Modern applications of computational mechanics demand effective methods for reducing the computational costs by properly exploiting the features of the problem at hand. This is particularly relevant for inverse problems like parameter estimation, or optimization, tackled via variational techniques. Indeed, constrained minimization requires iterative methods involving multiple solutions of the forward problem as well as the approximation of auxiliary systems such as adjoint problems.

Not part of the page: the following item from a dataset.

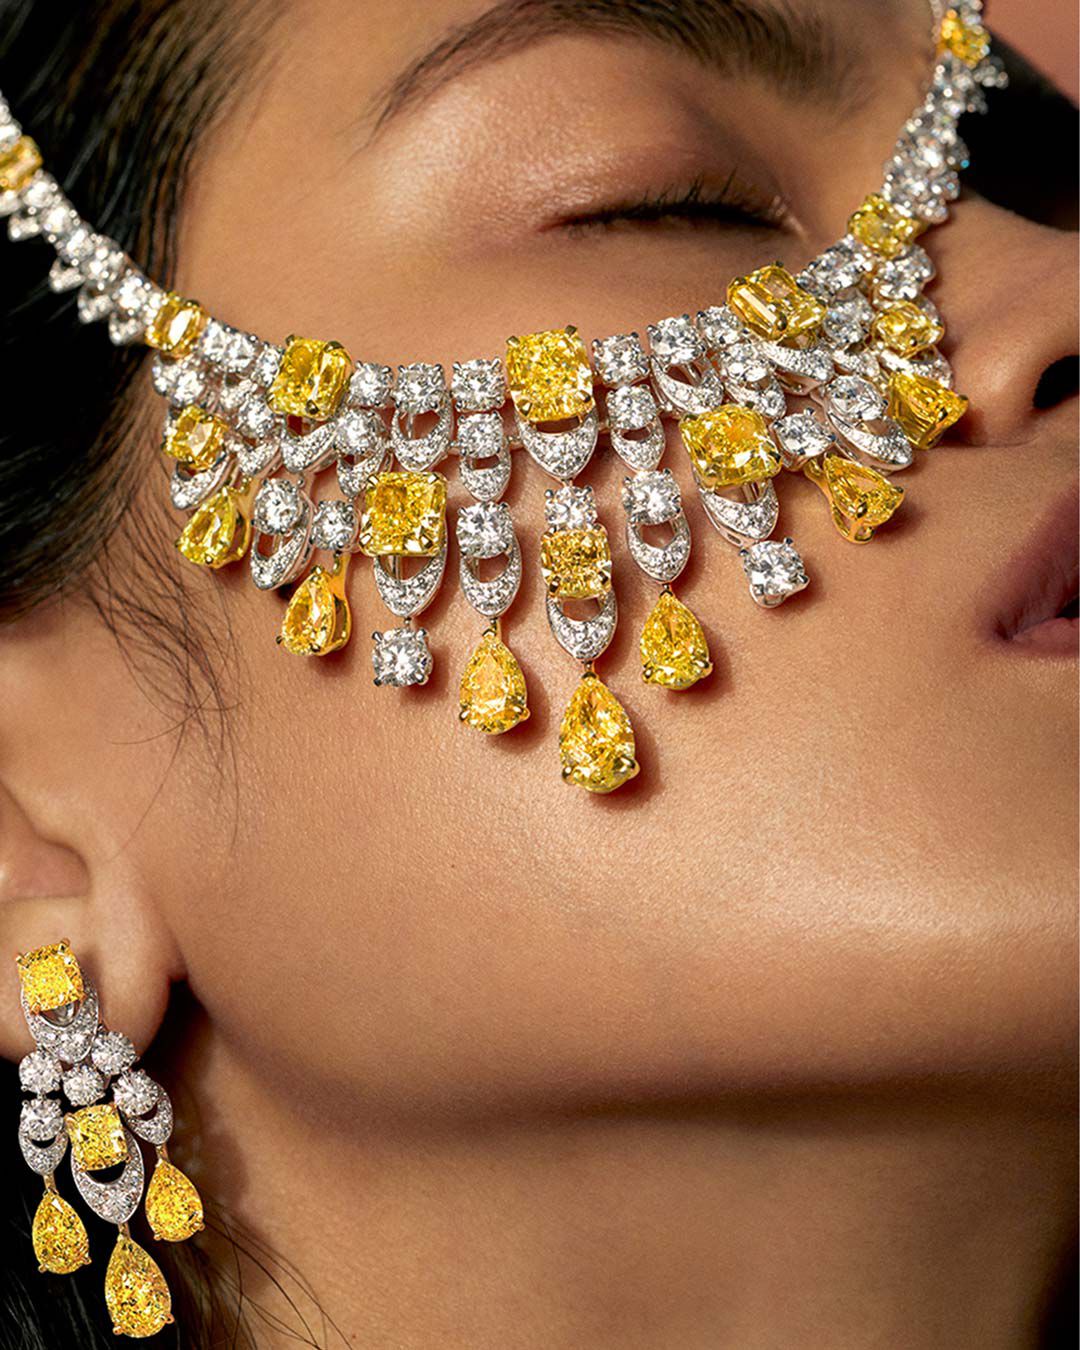 Model wears a Graff high jewellery yellow and white diamond necklace

To reduce the computational costs, specific strategies based on reducing the complexity of the involved problems may be pursued. This includes any physically-based downscaling of the complexity of the problem at hand, like reducing its dimensionality as commonly done in 1D network models of the arterial system (“model reduction”). Other approaches rely on the reduction of the problem size by properly selecting the basis of functions to represent the solution (“solution reduction”). This procedure is often related to an offline/online paradigm, where the former step is computationally expensive but does not affect the actual online solution process. In the latter class of methods we mention the Proper Orthogonal Decomposition (POD) techniques and the Reduced Basis (RB) method. For specific applications like fluid flow in network of pipes, combination of different approximation techniques may lead to computational efficiency featuring an intrinsic adaptivity in different regions of the network, like in the Hierarchical Model (HiMod) Reduction approach. Proper General Decomposition (PGD) techniques are also becoming a well-established approach in several engineering fields.  

In this Minisymposium we aim at gathering scientists working in different fields with the common denominator of using either model or solution reduction techniques (or both) for the fast and reliable solution of direct and inverse problems of real interest in engineering.

The Minisymposium consists of three parts:

1) a keynote speech addressing general trends in the field

2) a series of invited talks by senior scientists

3) a series of talks by junior scientists (PhD students).

This aims at promoting discussion, knowledge circulation and also offering the opportunity to young scientists that most likely will work in this field for years to present and discuss their recent research with several experts.    

Organized with the support of the NSF Project DMS 1419060 “Hierarchical Model Reduction Techniques for Incompressible Fluid Dynamics and Fluid-Structure Interaction Problems”